Problem: das ist Quatsch, Quatsch, Quatsch. Denn das vermeintliche Marketingbudget für GTA 6 bezieht sich nicht auf GTA 6.

Die im Finanzbericht angegebene Summe wurde von einem Analysten als ein Indiz für eine Veröffentlichung im entsprechenden Fiskaljahr gesehen. Nur hat Take-Two das inzwischen dementiert. Das Budget beziehe sich auf Spiele von Third-Party-Studios, wie ein Sprecher gegenüber Gamesindustry.biz klar gestellt hat:

„A Take-Two representative told GamesIndustry.biz that the table in the 10-K reflects marketing commitments made to third-party companies. As Rockstar is an internal Take-Two studio, that undermines the notion that the reported marketing commitments would be related to the next Grand Theft Auto.“

Wie fragwürdig das Statement des Analysten scheinbar ist, erkennt man im Finanzbericht selbst. Weil, naja: das steht da irgendwie so, wie der Take-Two-Sprecher sagte. Zumindest deutet das ein GameStar-User in der Kommentarspalte der News an.

Um das aufzudröseln, genügt ein Blick in den – zugegeben – unübersichtlichen Bericht.

finanzberichttake

Die viel zitierte Summe von 89 Millionen US-Dollar Marketingbudget ist in der Spalte „Marketing“ unter dem Punkt 15 zu finden. Okay, cool, ist doch alles klar – nicht wirklich. Der Analyst hat offenbar einen klaren Hinweis direkt unter der Tabelle übersehen, in dem das Marketingbudget eingeordnet wird:

„We have certain minimum marketing support commitments where we commit to spend specified amounts related to marketing our products. Marketing commitments expire at various times through September 2025 and primarily reflect our agreements with major sports leagues and players‘ associations.“

Das Budget bilde also hauptsächlich Verträge mit „major sports leagues and players‘ associations“ ab. GTA 6 ist damit nicht gemeint, sondern eventuell, ganz vielleicht und auch nur möglicherweise: ein Sportspiel. Zumindest schlussfolgert der GameStar-User das:

„Die GTA Marketingkosten würde man in diesem Bericht nicht sehen. Man könnte stattdessen über ein neues Sportspiel, spekulieren. Ob damit Lizenzgebühren oder nur „Mindest-Marketingausgaben“ gemeint sein, weiß ich auch nicht.“

Ist es tatsächlich möglich, dass ein Finanzanalyst einen so elementaren Hinweis übersehen oder falsch interpretiert hat? Vielleicht. Es ist kompliziert.

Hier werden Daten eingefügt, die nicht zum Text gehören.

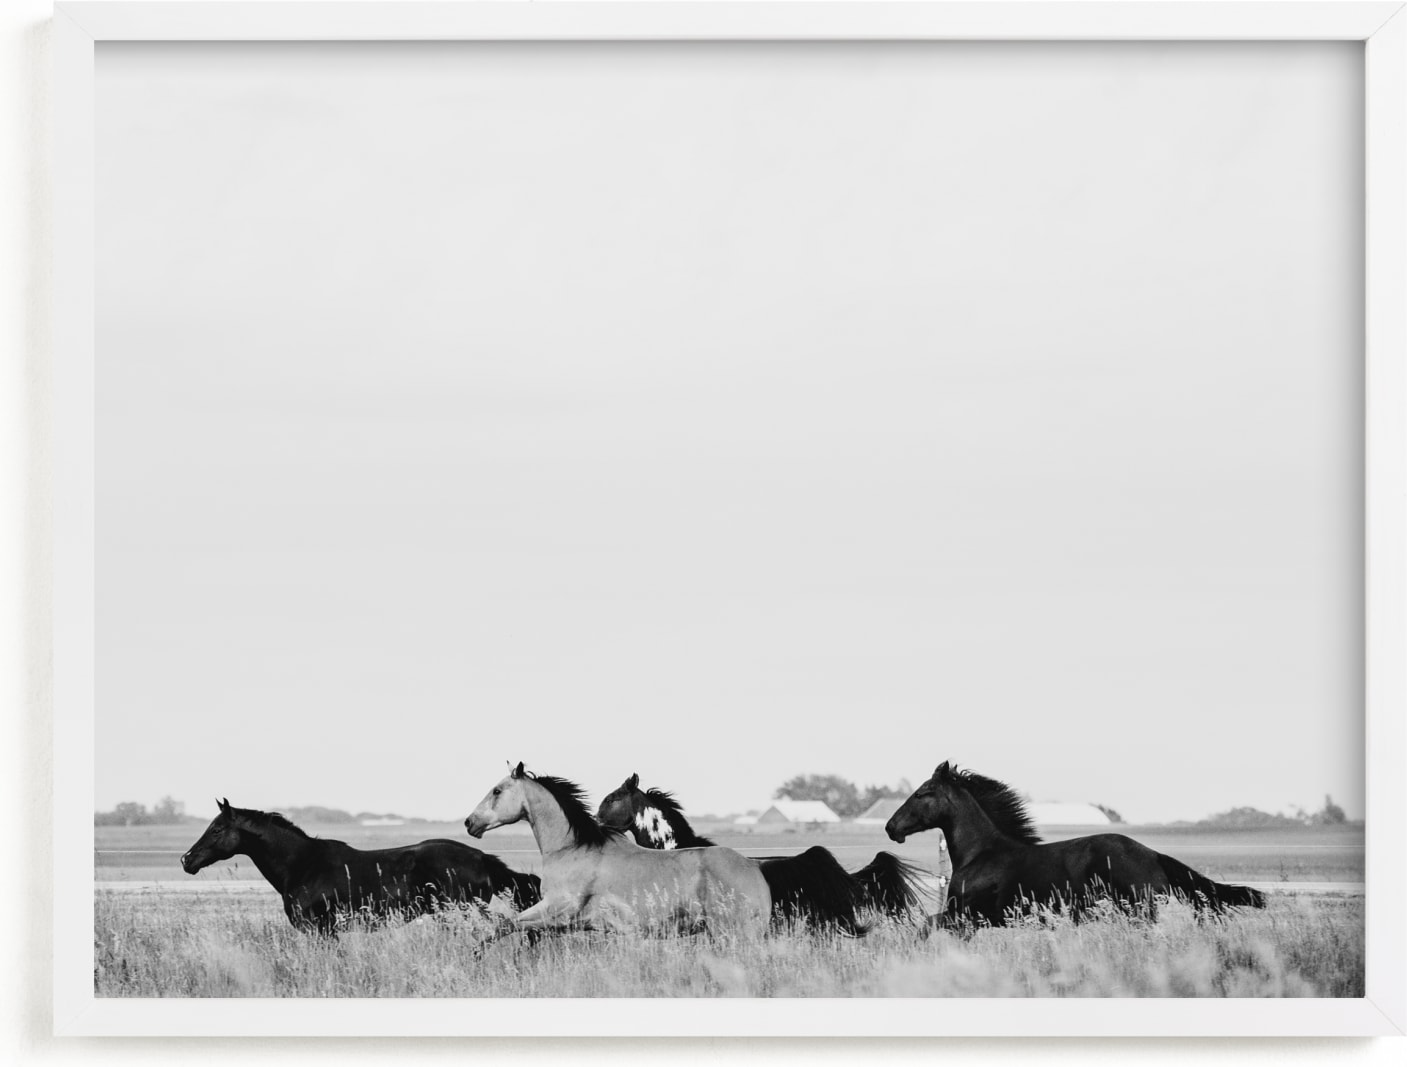 This is a black and white art by Amy Carroll called That Wild Dream.

Schiebt man die Verwirrung um den eigentlichen Finanzbericht beiseite, bleiben weitere Fragen. Schließlich wird GTA 6 nirgends erwähnt. Weil GTA 6 offiziell nicht existiert. Weder Take-Two als Inhaber von Rockstar noch Rockstar selbst äußerte sich zu GTA 6. Der aktuelle Finanzbericht hat dies nicht geändert. Warum beziehen diverse Magazine vage Berichte und Analysen auf GTA 6?

Weil es klickt. Kaum eine Spielereihe ist beliebter als Grand Theft Auto. Eine Berichterstattung wird sich lohnen; wer bei Google nach GTA 6 sucht, findet dutzende, wenn nicht gar hunderte News über ein Spiel, von dem niemand mit Sicherheit weiß, ob es existiert, und falls ja, wann es erscheint und in welcher Form. Dennoch kommen mittlerweile wöchentlich neue Meldungen dazu. Wie kann das sein?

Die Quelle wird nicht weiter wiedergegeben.